A new report in the Wall Street Journal highlights a very important component of the Jumpstart Our Business Startups Act (JOBS Act) that has thus far escaped most notice. The part of the law in question would allow companies to file a draft application to go public, that could be kept private, before its public filing.
The moment of filing is often when the doors to a company’s finances are first thrown open to the public, causing a great scurrying of examination. Once filed, the company works with the SEC, and moves forward. However, the JOBS Act would allow a firm to discuss its filing documents with the SEC before the public, potentially ironing flat any wrinkles. This, in the eyes of some, limits the flow of information to the investing public.
Groupon, a company that is in the news this morning, had some very public squabbles with the SEC over its IPO filing, and its accounting practices. It is conceivable that the company, under the rules of the JOBS Act, could have had those discussions, and made the tweaks that it did, outside of the public’s eye, thus making its final filing more attractive.
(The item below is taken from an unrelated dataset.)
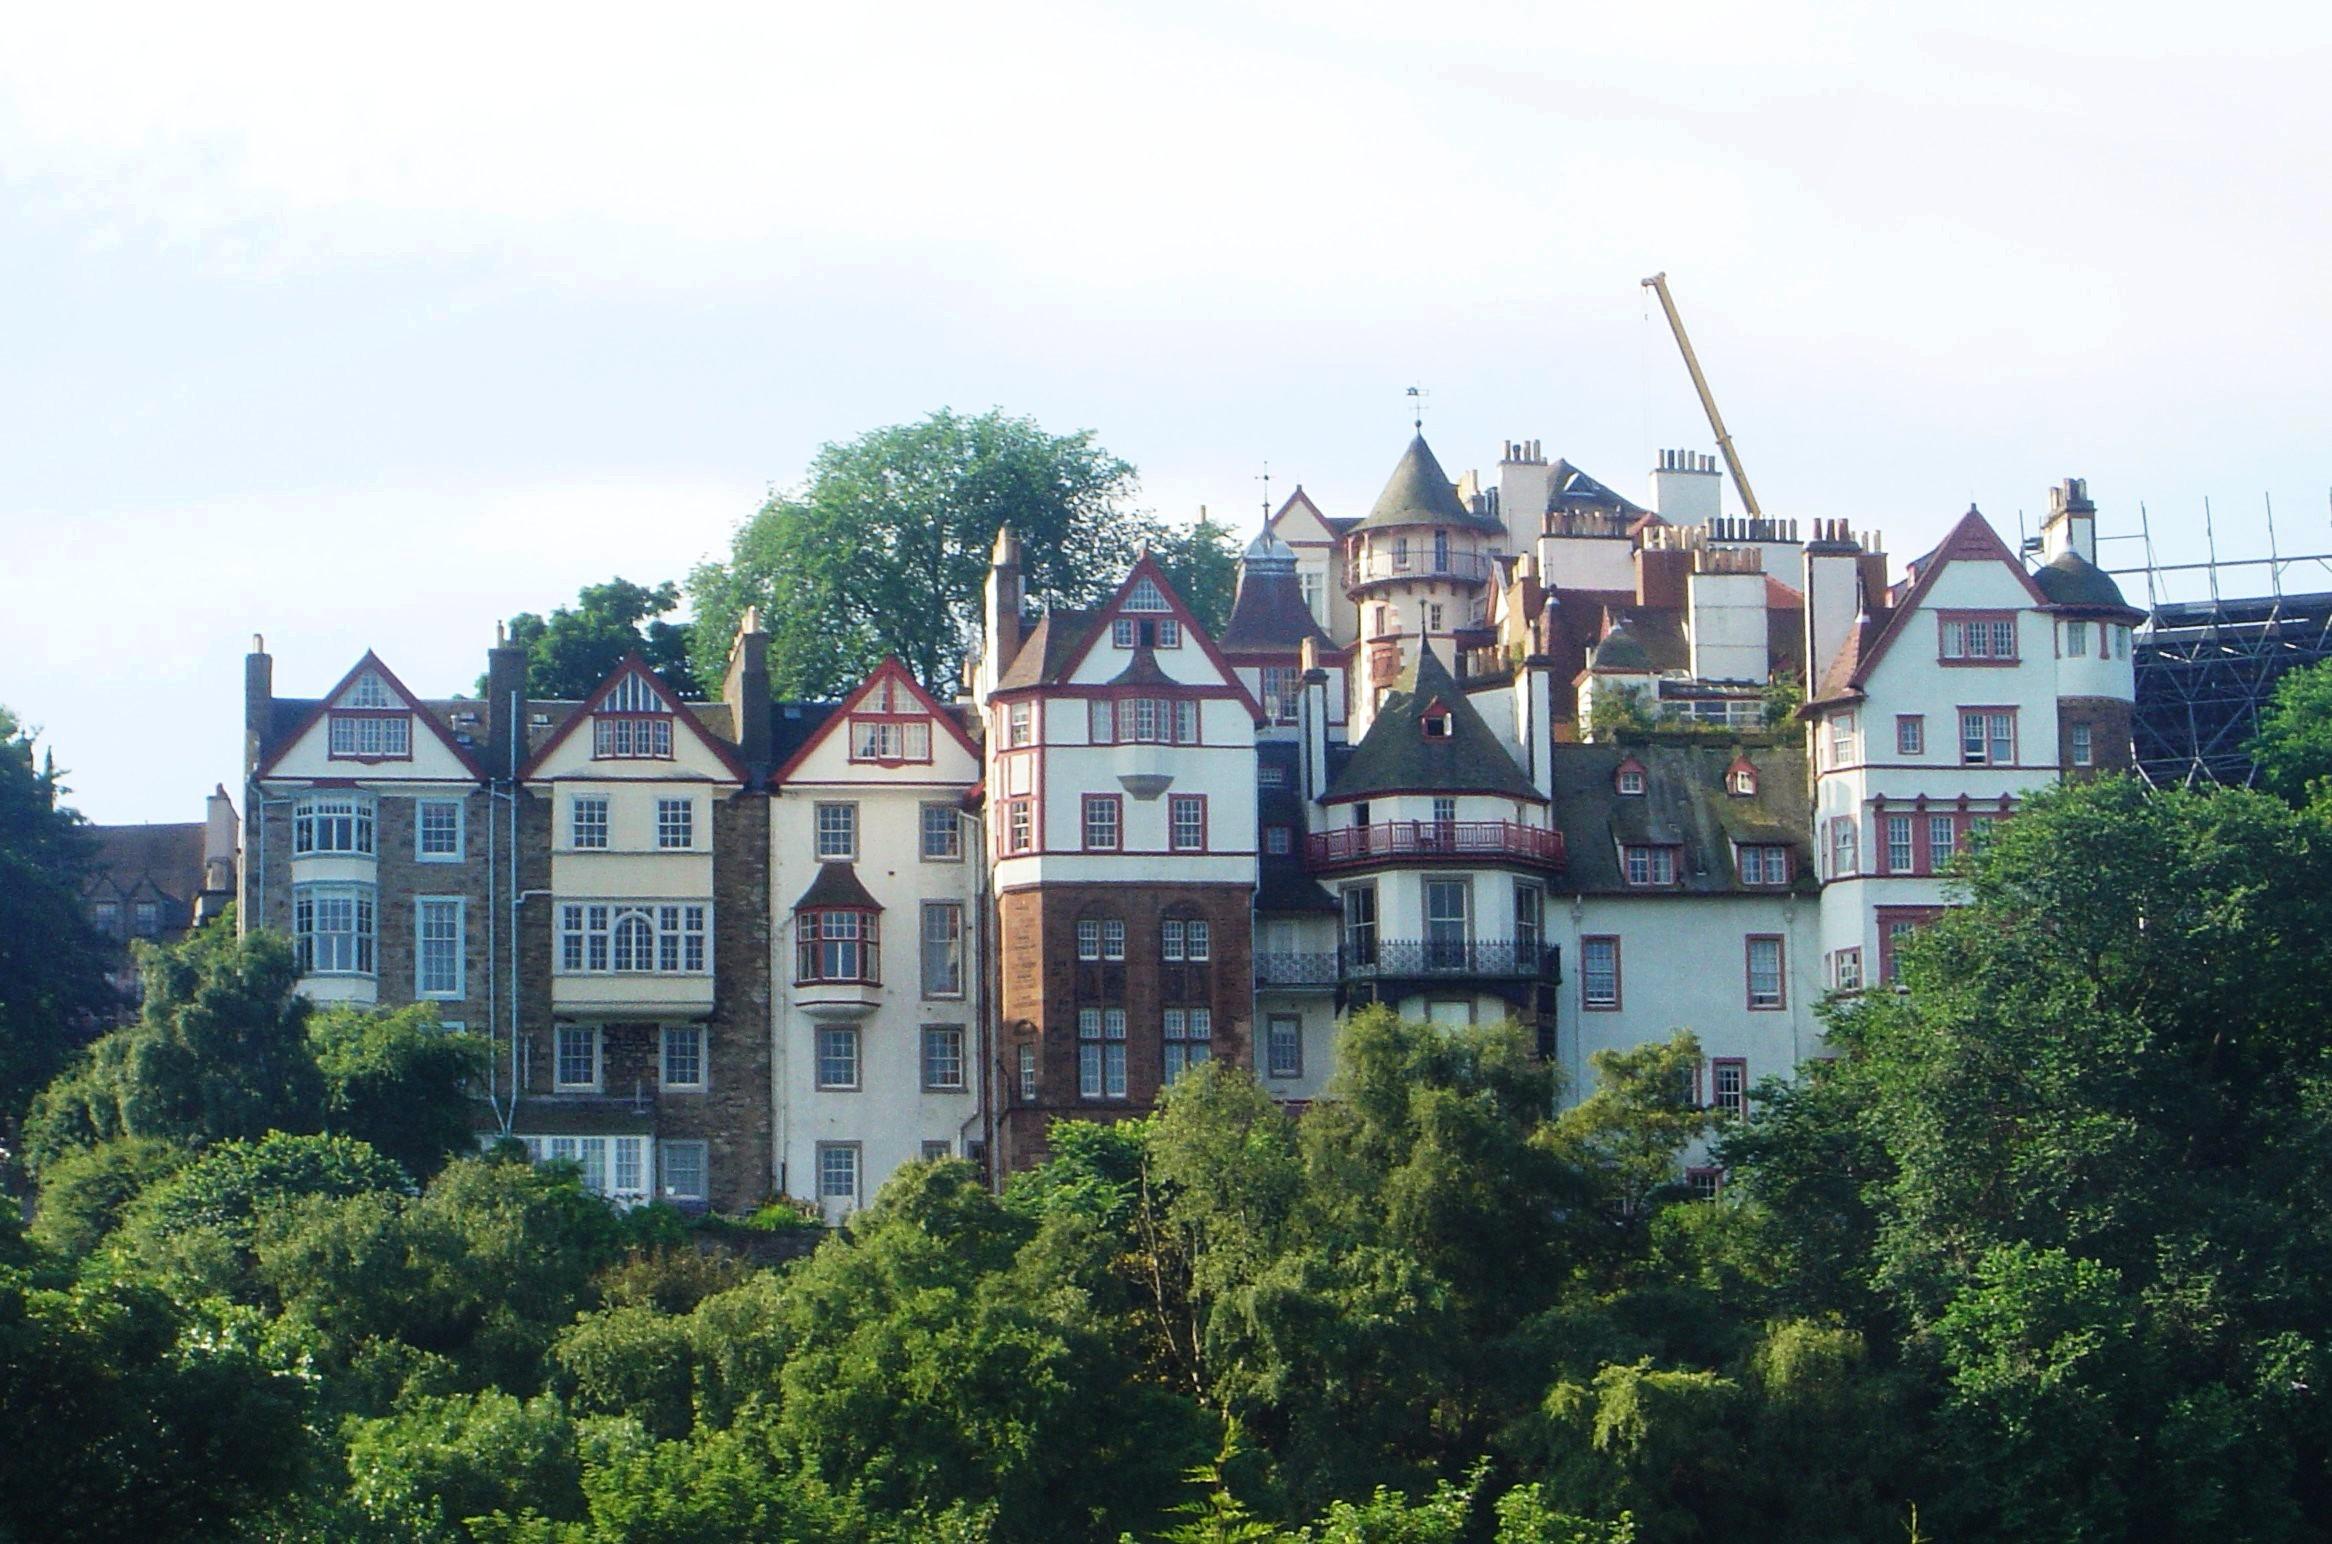 EDINBURGH'S OLD TOWN (PHOTO:  David Monniaux

They could have made the sausage in the dark, only flipping on the lights when it was done, in other words.
Obviously, this has some people up in a dither. Limiting the amount of information that is made available, or even delaying it, is anathema to some who view the IPO market as something that should be glasslike in its transparency. Giving the SEC backroom privileges with firms is something that does not line up with such a perspective.
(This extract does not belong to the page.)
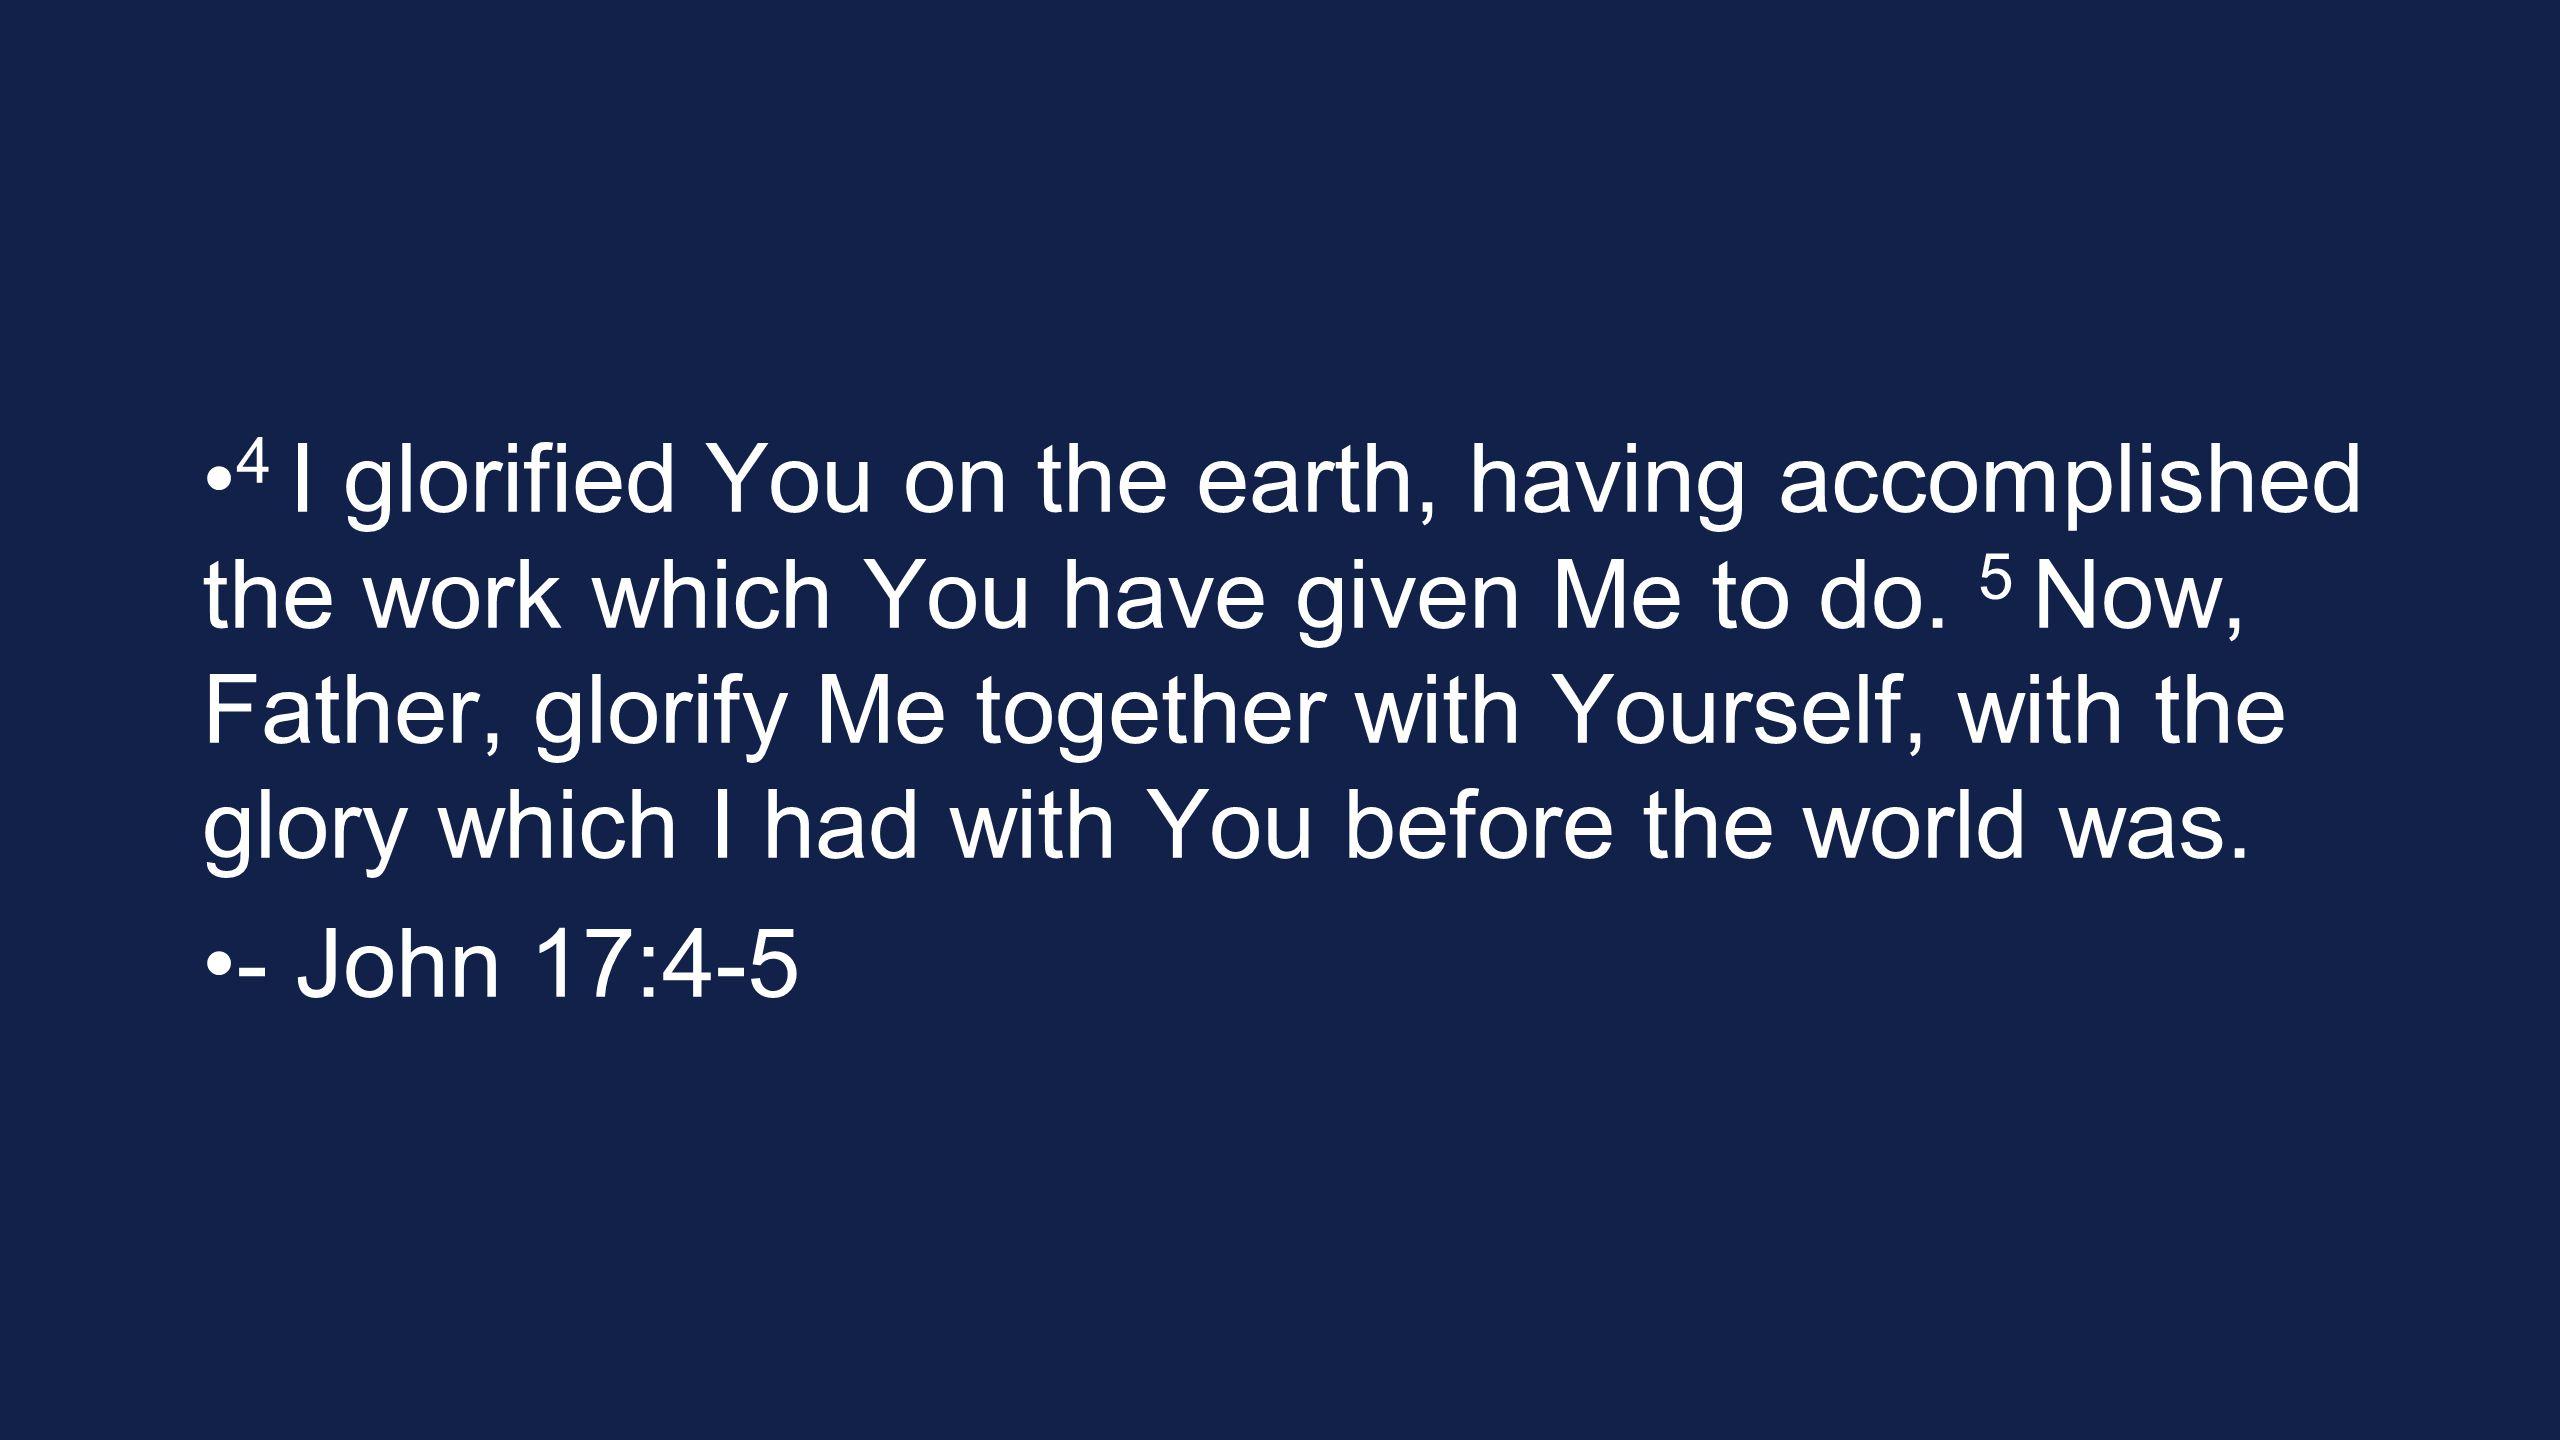 Prayer for Apostles

TNW has written in favor of the JOBS Act previously, stating the following as our larger take on the bill:
The caps that are in place in regards to what individuals can invest will limit exposure. The caps that change what sort of business need report what, and the number of investors a firm can attract before going public, are generous. Which is to be expected, as the bill is aiming for leeway.
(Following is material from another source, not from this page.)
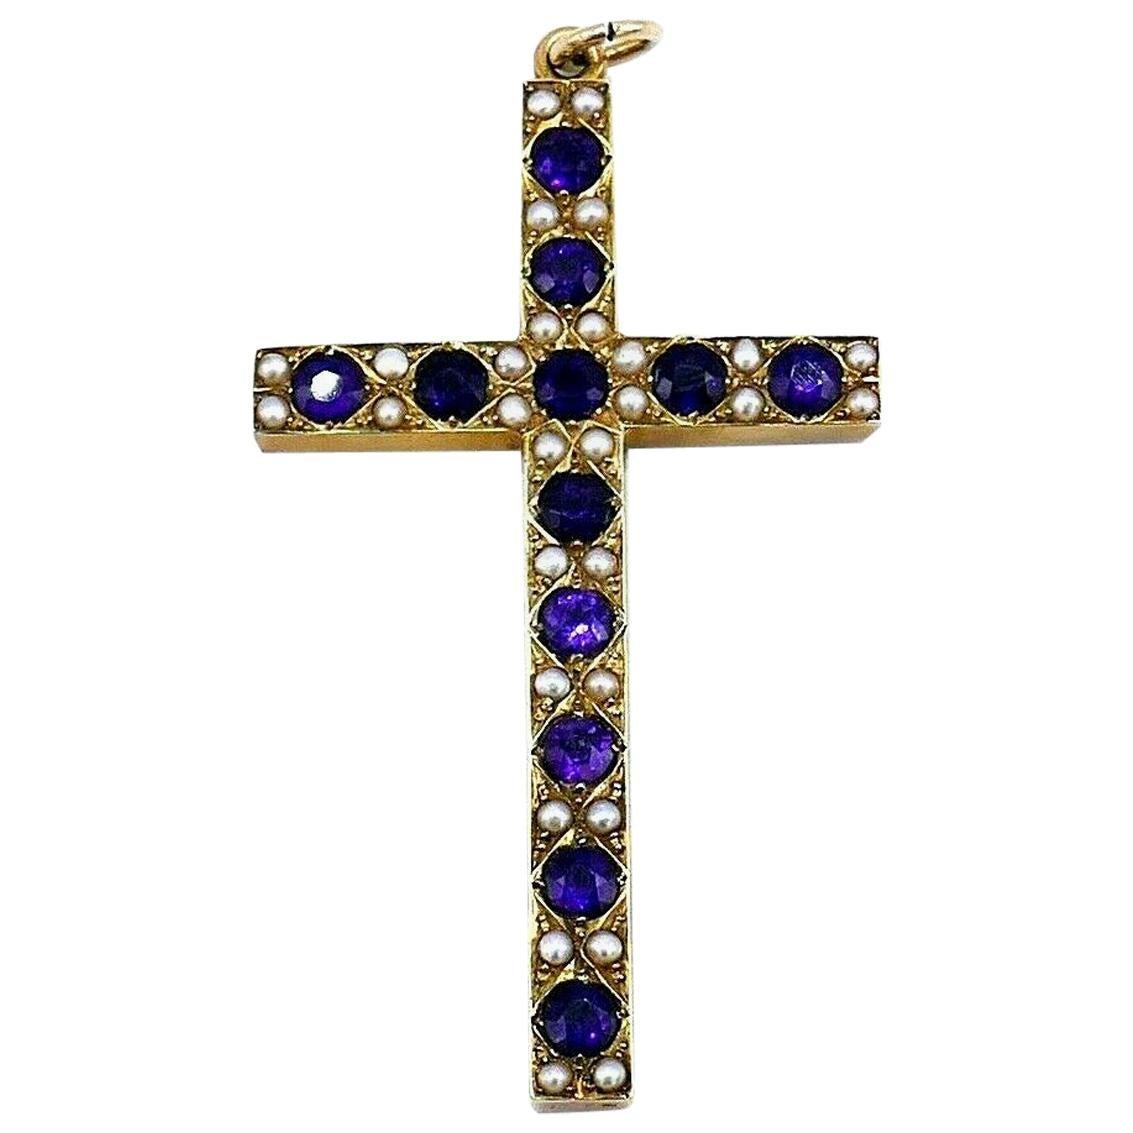 Victorian 14 Karat Yellow Gold Amethyst Pearl Cross Pendant

The question then becomes, are the investor protections sufficient to make the newly loosened regulations safe? The answer, in TNW’s estimation, is a resounding ‘usually.’ Investing is a dangerous, expensive, and risk-fuled business. Those who partake in its activities incur its potentials, both good and bad.
A close reading of the bill, and the argument for and against its passage, has led me to, despite reservations, check the box labeled yes. Better to take the risk, we feel, within reason, than to stifle the process and prevent growth.
That in hand, this specific issue is troubling. The dance between the SEC and the fresh-faced company looking to go public is a critical dialogue, as it demonstrates a company’s financial culture; it was a harbinger of Groupon’s later troubles, for example. By taking away this specific step, the public unveiling of an unvarnished S-1 filing, something material is being removed from the process of going public. If you can’t hack it in public, you probably aren’t ready to go public.
However, the bill is likely to be signed into law shortly, this piece included. Keep that in mind when you see future S-1 documents. They might be wearing makeup.